*** Opening Extracted data ***

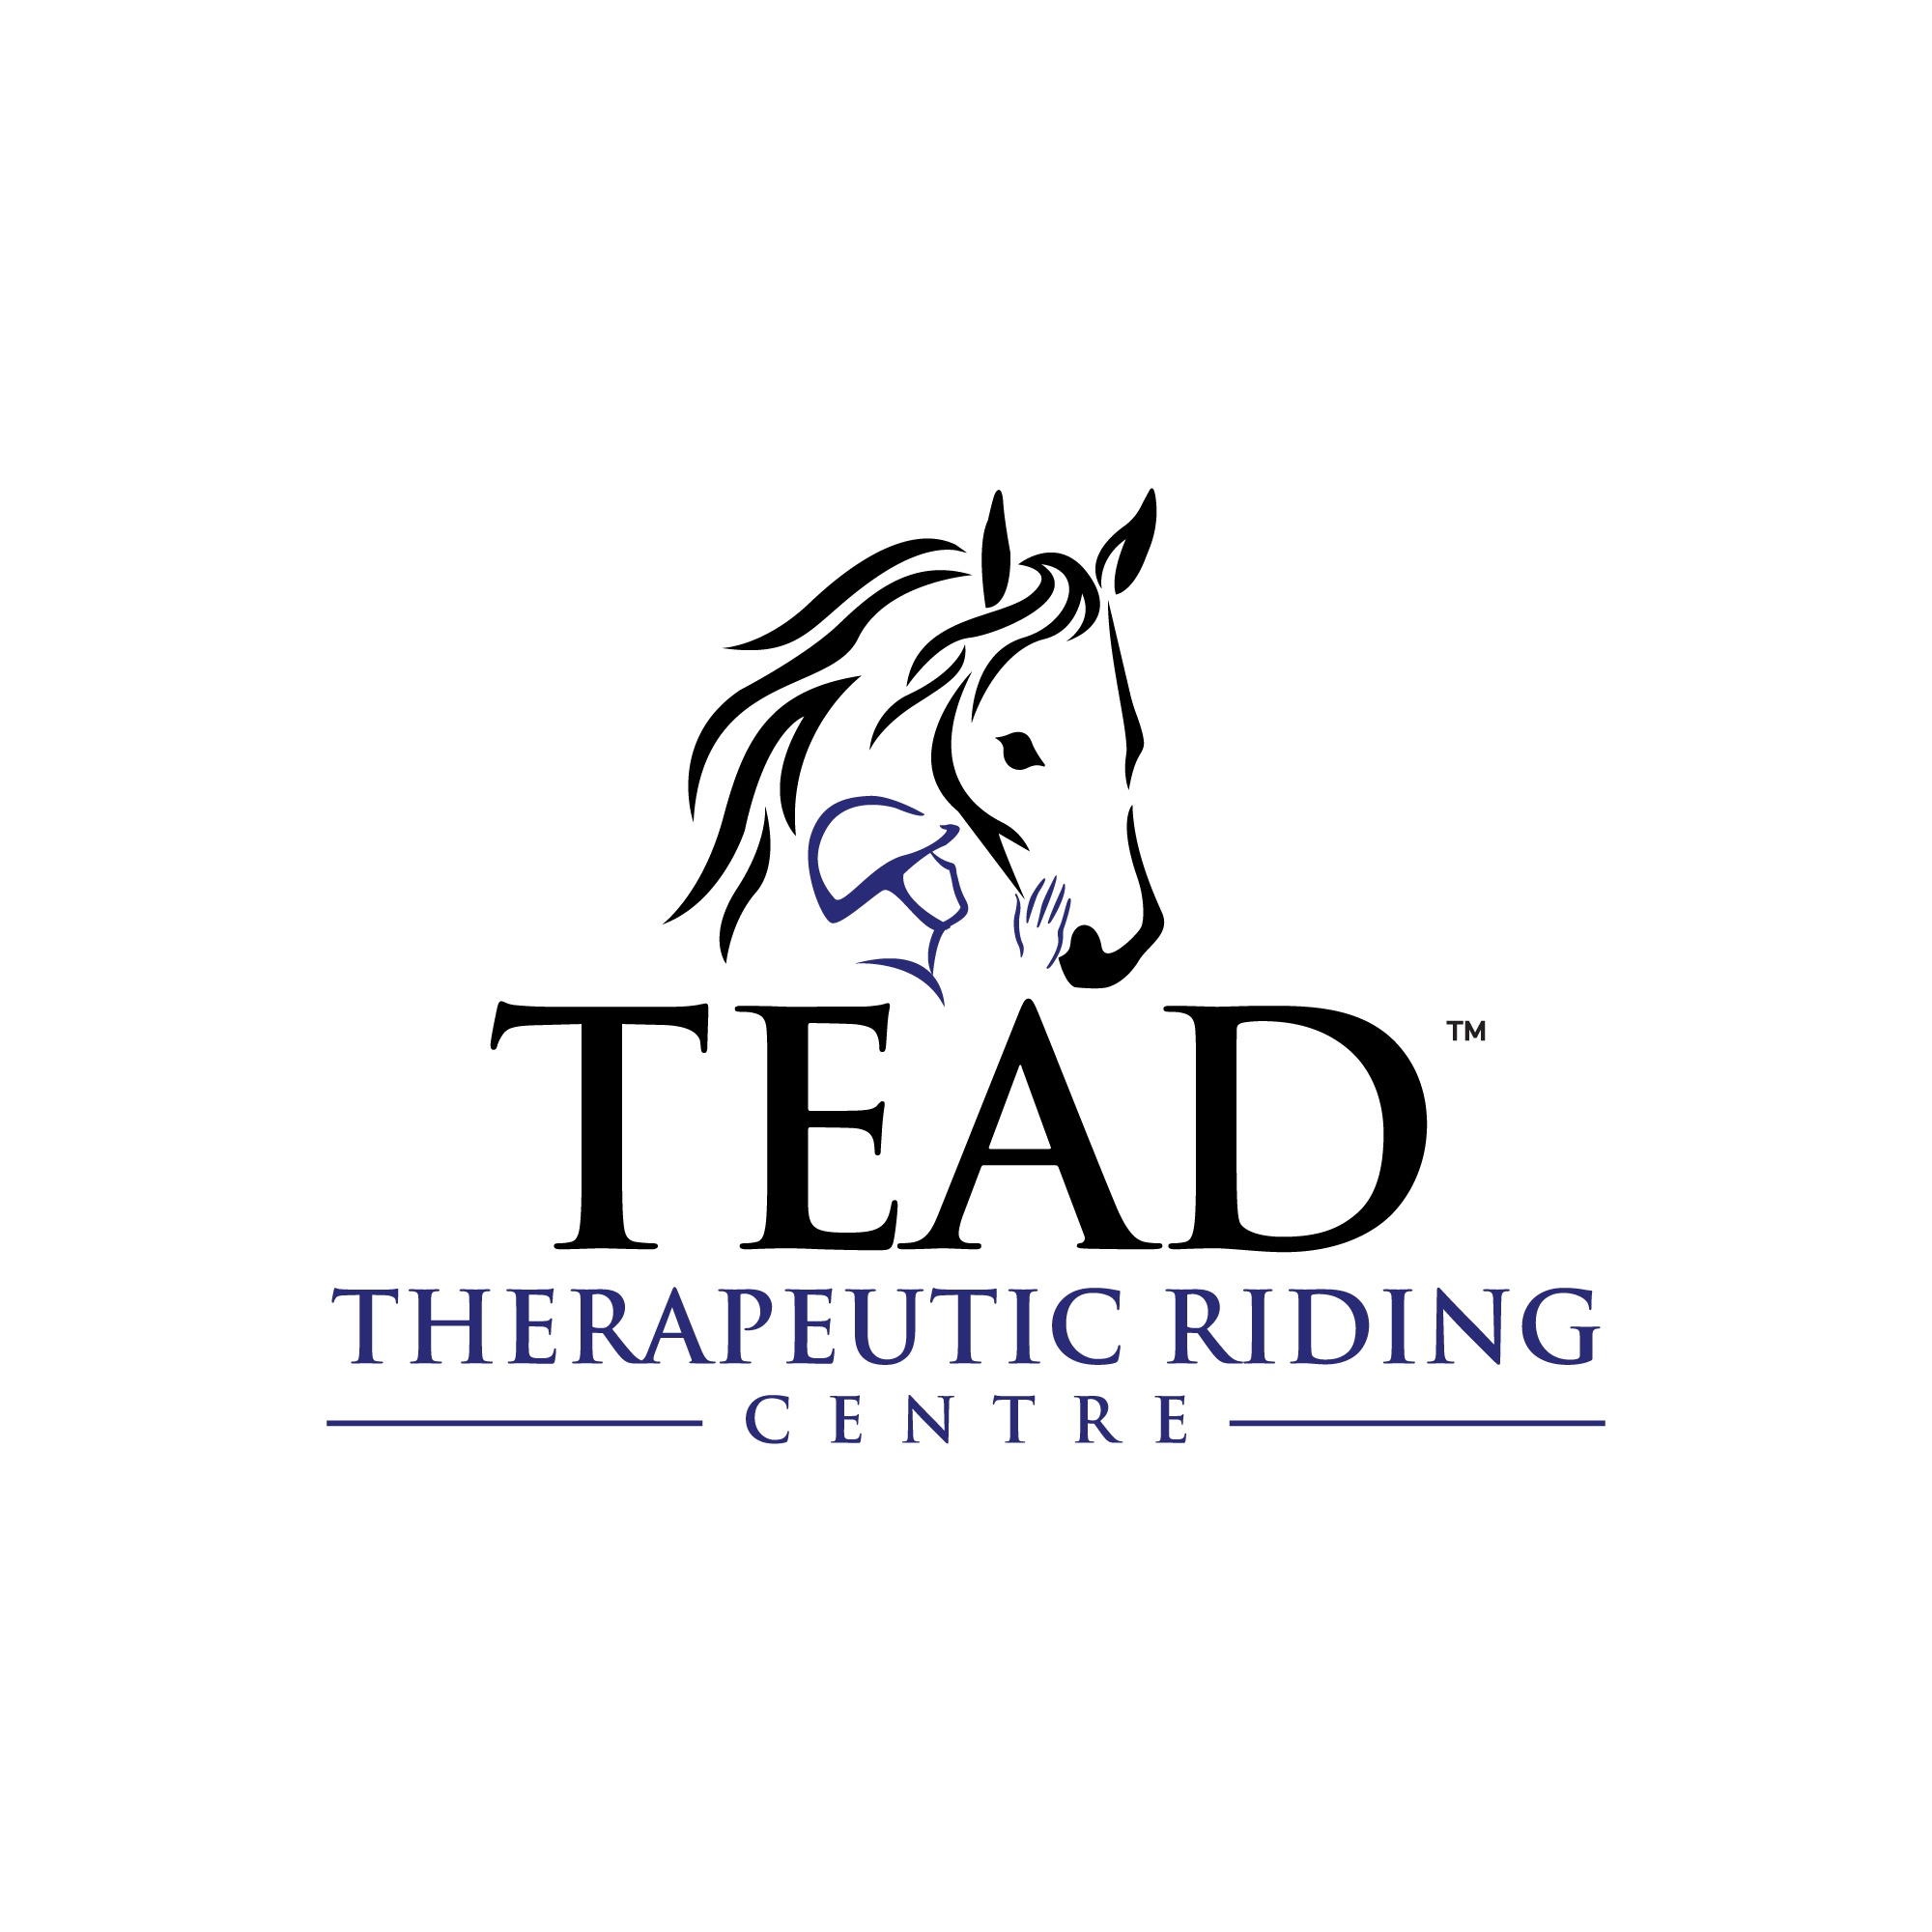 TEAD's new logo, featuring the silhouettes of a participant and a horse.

*** Closing Extracted data ***
*** Opening Extracted data ***

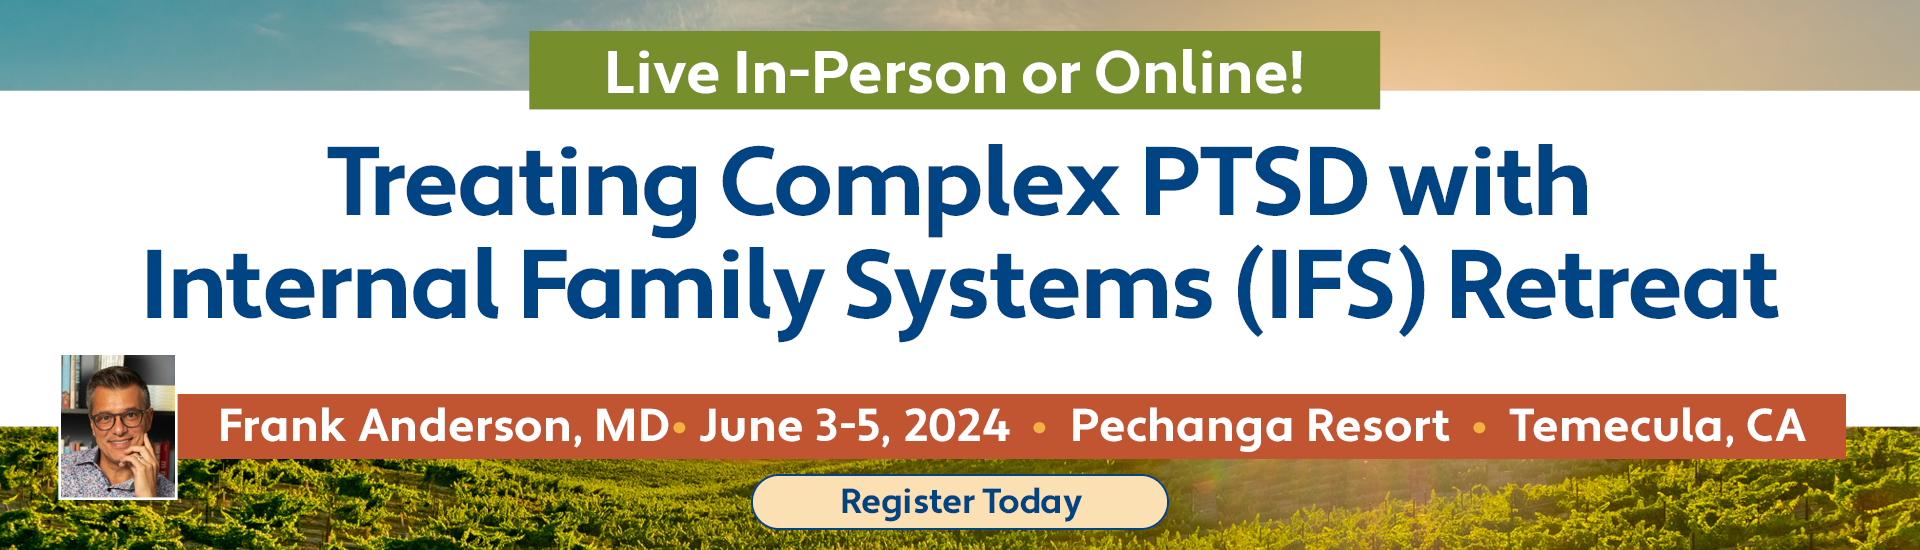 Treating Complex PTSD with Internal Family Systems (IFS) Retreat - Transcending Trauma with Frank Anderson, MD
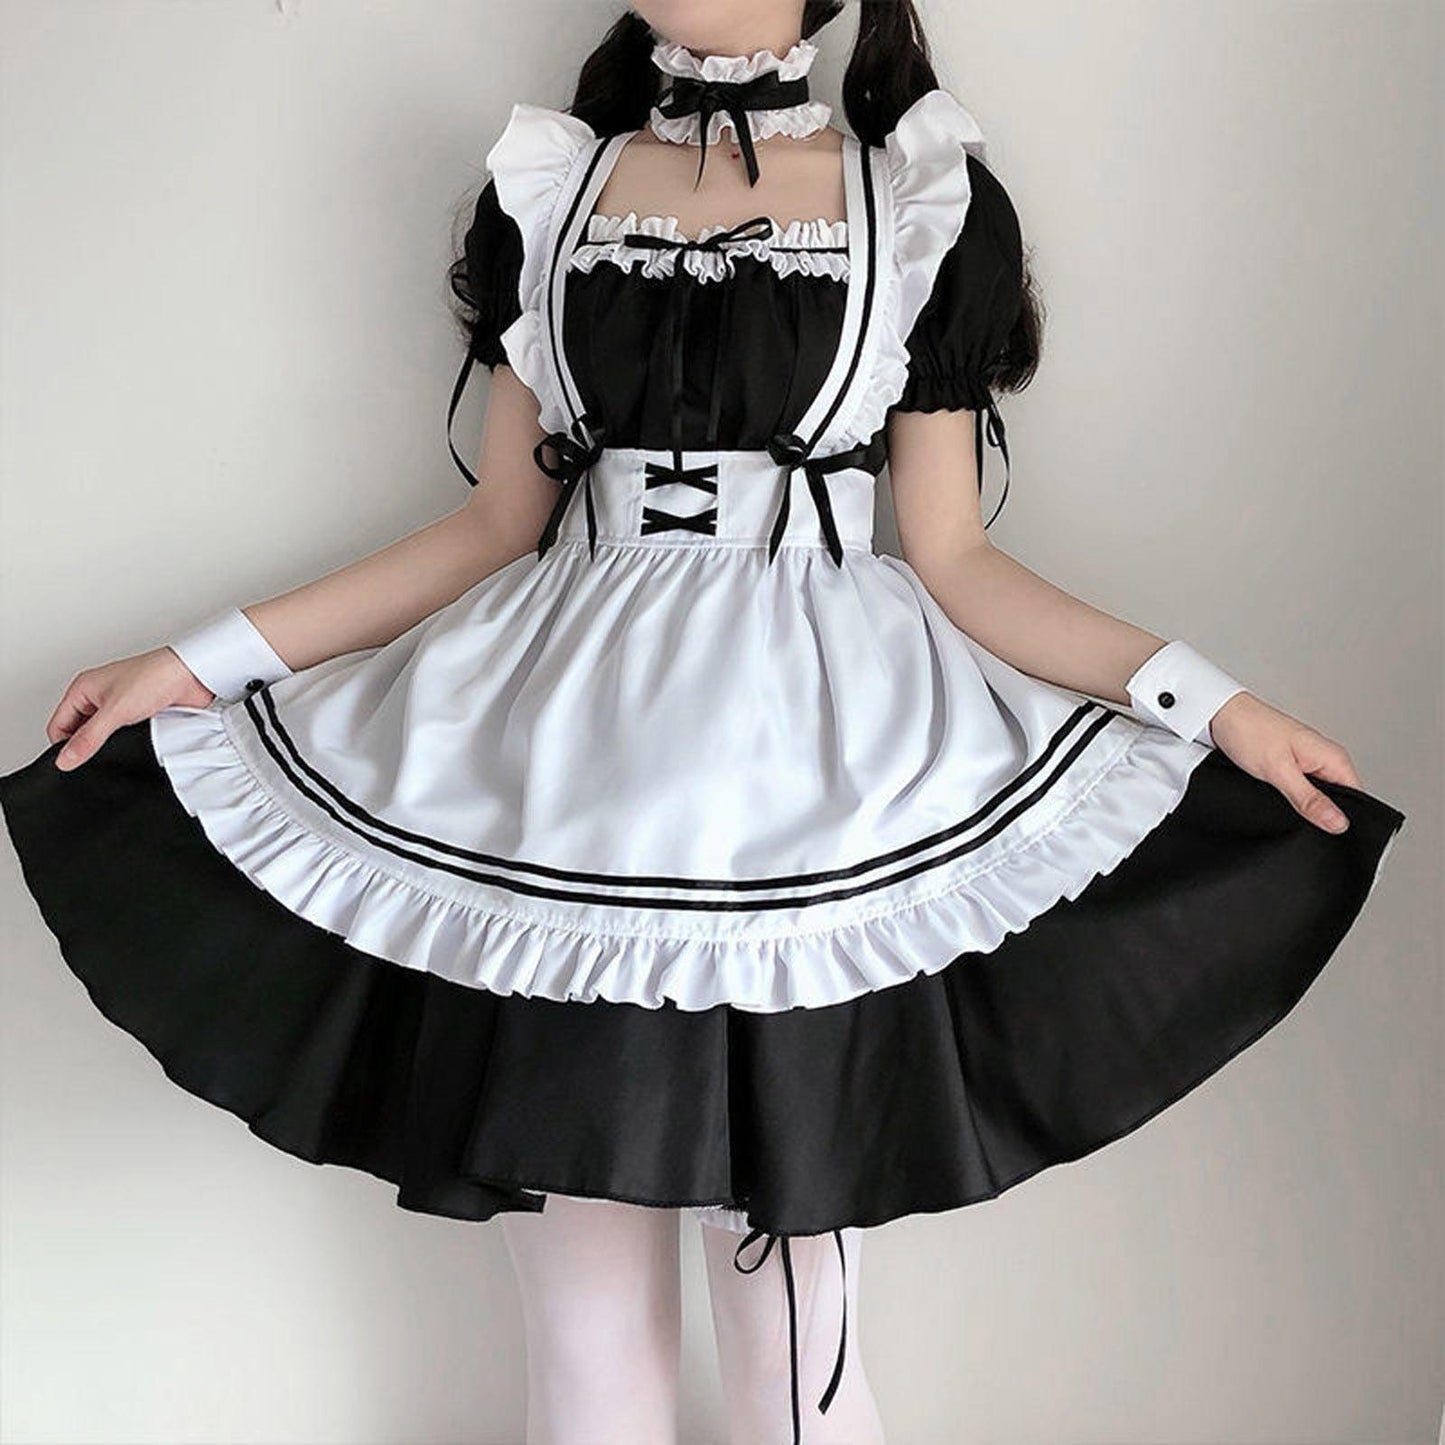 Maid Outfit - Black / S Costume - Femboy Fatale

*** Closing Extracted data ***

▶ _Problem to solve_
Output exactly, and only, the lines of the entries above from the one with "Treating Complex PTSD" up to and including the one with "Maid Outfit - Black"; pictures are to be left out.

▶ _Answer to the exercise_
 Treating Complex PTSD with Internal Family Systems (IFS) Retreat - Transcending Trauma with Frank Anderson, MD
 Maid Outfit - Black / S Costume - Femboy Fatale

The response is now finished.